Why AI image generators don't just copy: creativity from constraints

Diffusion models seem creative because local, shift-consistent denoising yields emergent patterns. A lean ELS model matches trained systems and guides fidelity-coherence balance.

Categorized in: AI News Science and Research
Published on: Sep 28, 2025
Why AI image generators don't just copy: creativity from constraints

Where diffusion models' creativity actually comes from

Image generators are trained to mimic data. Yet they produce novel, coherent images that weren't in the dataset. That gap between "copy" and "new" has looked mysterious for years. A new study argues it's not mystery at all-it's a direct side effect of how these systems denoise.

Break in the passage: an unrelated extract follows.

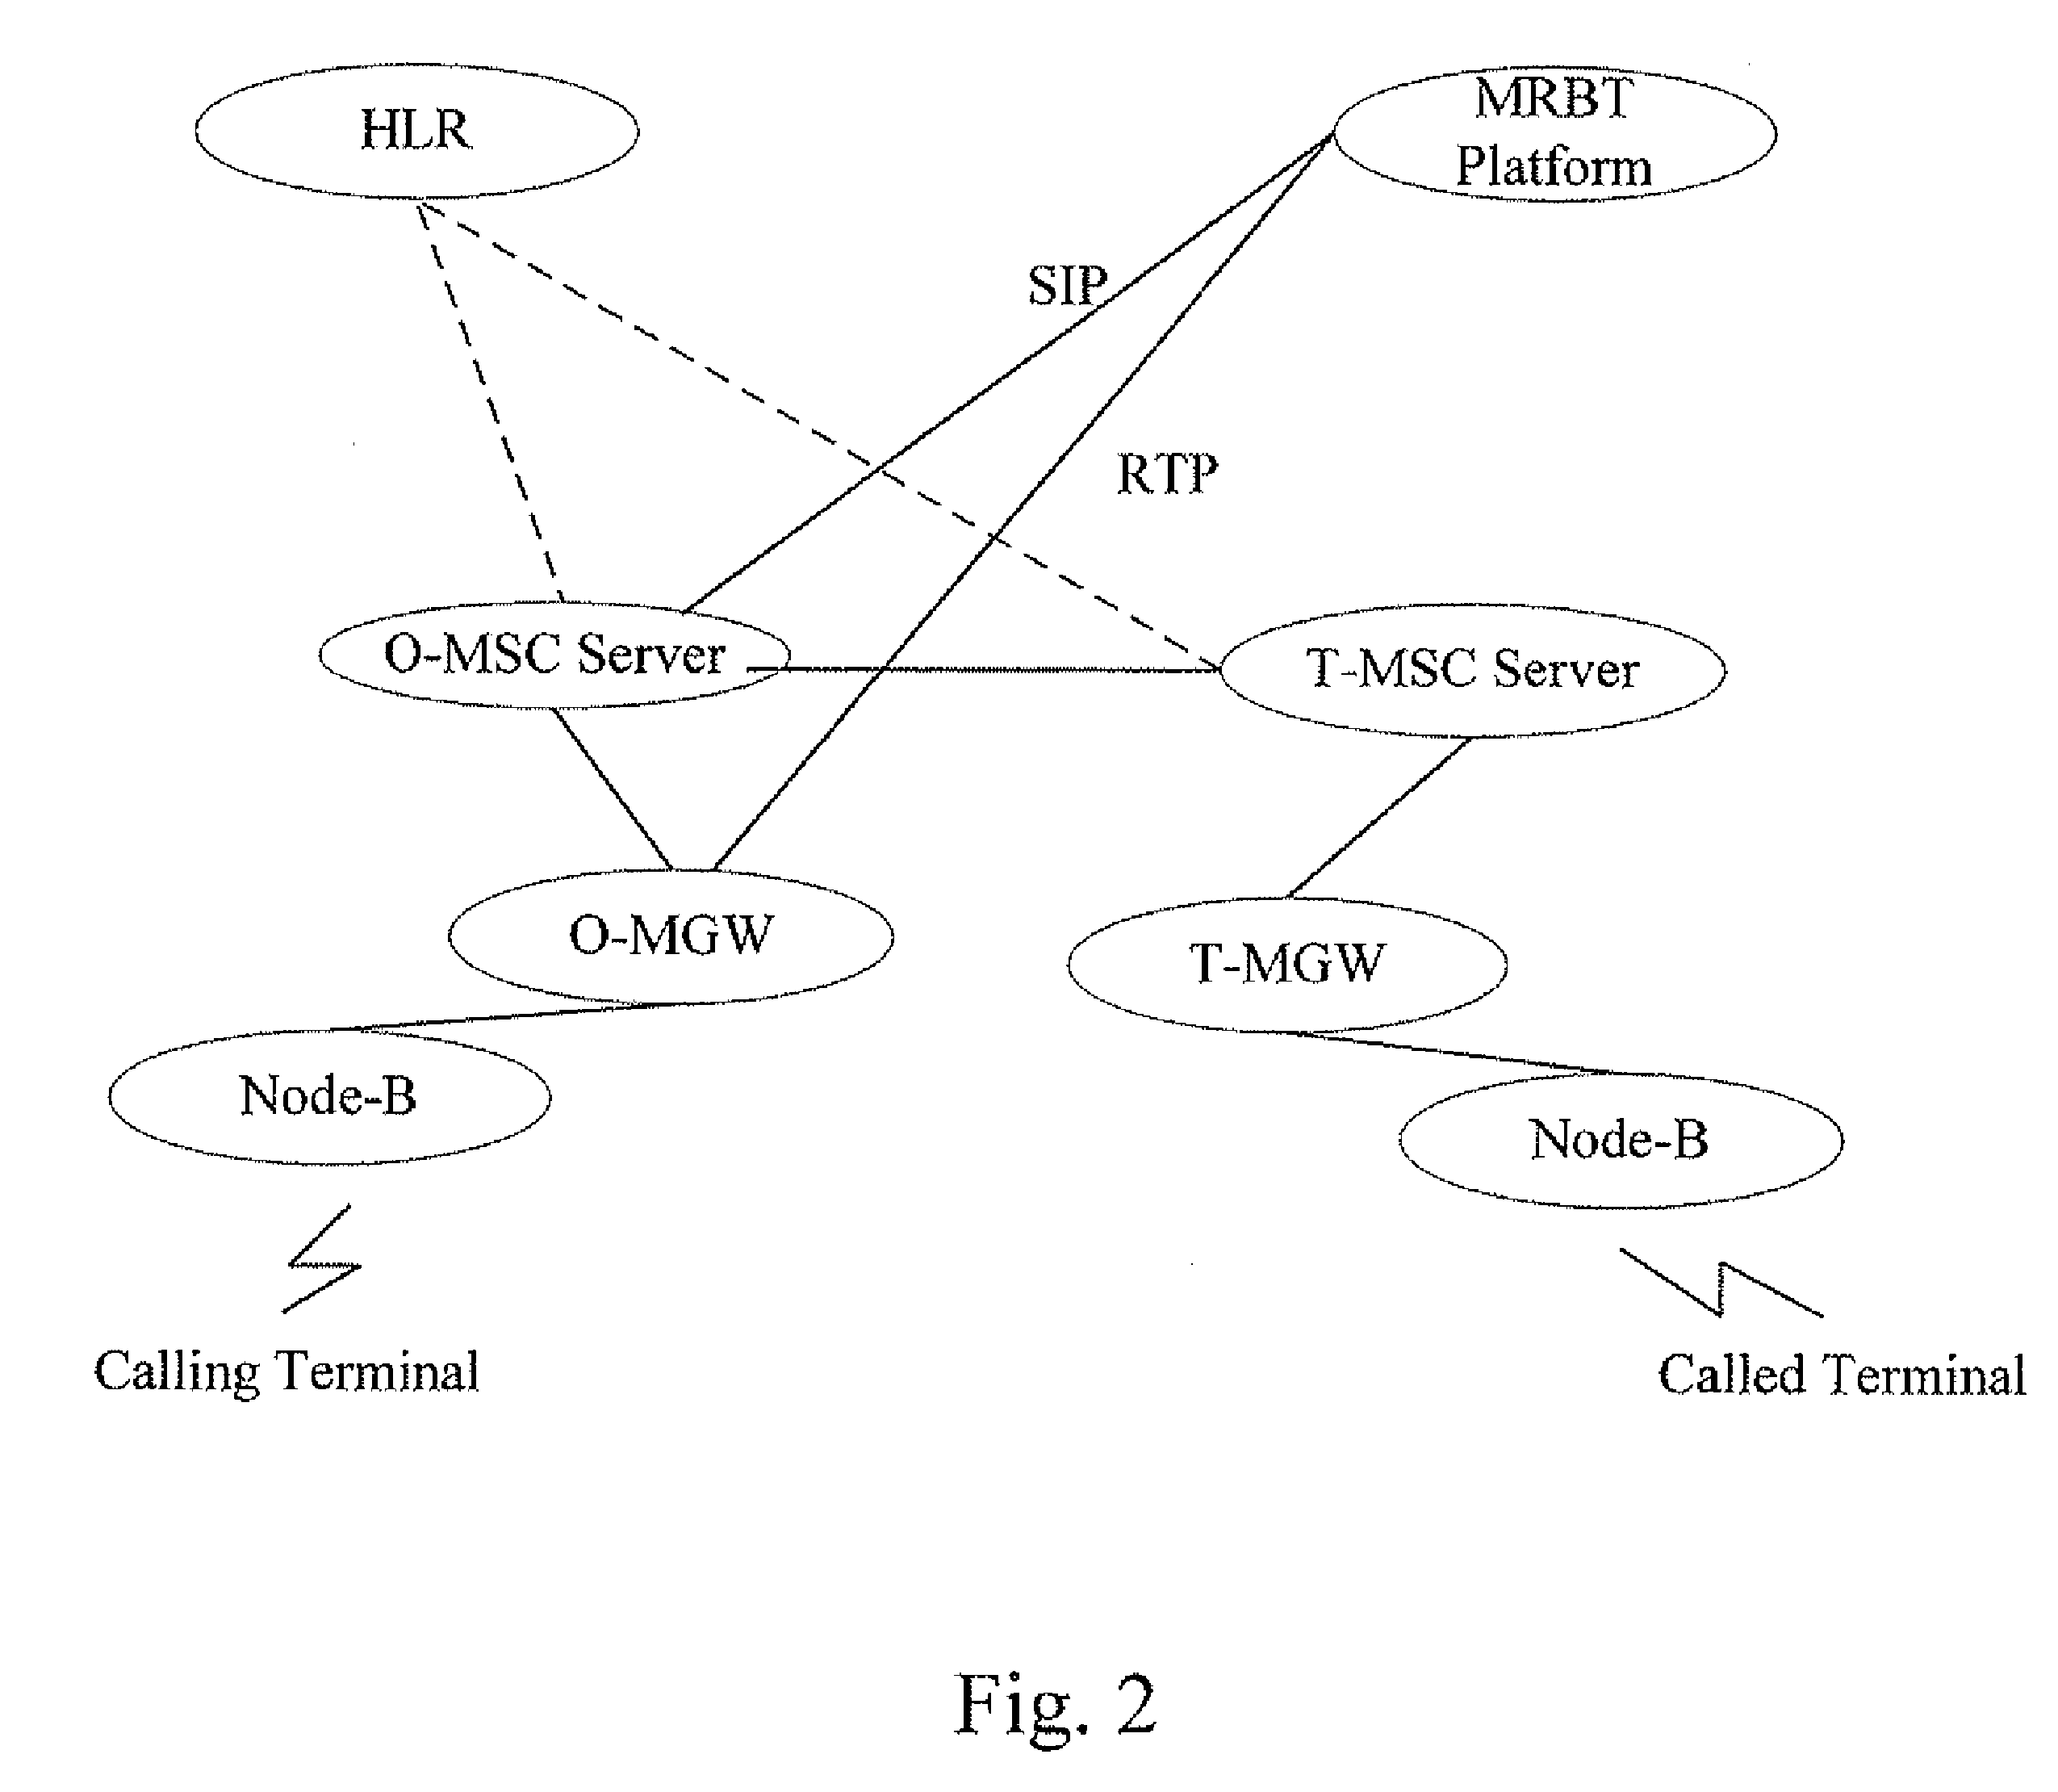 System and method for implementing multimedia ring back tone service

Local rules, global novelty

Diffusion models work by adding noise to images and then removing it step by step. Two practical constraints shape that process: locality and translational equivariance. The model predicts and corrects noise one small patch at a time (locality), and if you shift the input, the output shifts the same way (equivariance).

These constraints keep structure intact, but they also mean the model doesn't "see" the whole image when it makes each local decision. Like a biological system following local rules, global patterns emerge. That emergence is where the apparent creativity comes from.

A simple model that predicts creativity

Mason Kamb and Surya Ganguli built an analytic system-the equivariant local score (ELS) machine-that encodes only those two ingredients: locality and equivariance. No training, just equations. They then compared ELS outputs to trained diffusion models (including UNets and ResNets) on denoising tasks and found a striking match, reportedly around 90% on average.

Translation: much of what we call "creativity" in diffusion models is deterministically produced by their architecture and denoising dynamics. If you impose local patch prediction plus equivariance, you get novel configurations that weren't literal copies of the training set.

Why hands get extra fingers

Early AI art often produced extra fingers. That's a clean example of local decisions lacking global context. The model refined each patch to look like a finger, but without full-scene awareness, it overproduced local features. The result was anatomically coherent patches that didn't reconcile into a correct whole.

From denoising to Turing-like patterning

This behavior mirrors Turing patterns in morphogenesis: complex forms arise from simple local interactions without a master blueprint. In diffusion, the "score" guiding denoising acts like a digital analog of those local rules, assembling global structure from patch-level corrections.

Implications for research

If ELS can predict trained model behavior, we can forecast failure modes and steer outputs by changing local rules, patch sizes, or equivariance strength. That gives practitioners a handle to trade off fidelity, diversity, and coherence without blind hyperparameter sweeps. It also suggests that architectural constraints-not just data scale-drive generative novelty.

There's a neuroscience angle, too. Human creativity could share a similar structure: local assembly of familiar parts under consistent transformation rules, producing new combinations that feel original. Different substrate, similar principle.

Open questions

Large language models also appear creative, yet they don't rely on the same locality and equivariance as image diffusion. Do they express an analogous mechanism in sequence space, or something different? How far can ELS-style analytic models go before we need full training dynamics to explain novelty?

What to test next

  • Systematically vary patch size and stride during denoising. Measure effects on semantic coherence and artifact rates.
  • Relax or strengthen translational equivariance. Test how much global consistency depends on it.
  • Probe cross-model predictability. Can an ELS-style engine anticipate outputs from different backbones and schedulers?
  • Induce controlled failures (e.g., extra fingers) and verify whether ELS pre-predicts their location and frequency.
  • Compare with language and audio generators: define "locality" and "equivariance" analogs in 1D sequences and assess predictive power.

Why this matters for your lab

If creativity emerges from constraints, you can engineer it. Architect for the kind of novelty you want, then validate with an analytic predictor like ELS before expensive training runs. That shortens iteration cycles and turns "black box vibe" into testable design choices.

Further reading and upskilling

Bottom line: diffusion models don't sidestep their constraints to be creative-the constraints produce the creativity. Control the local rules, and you shape the outcomes.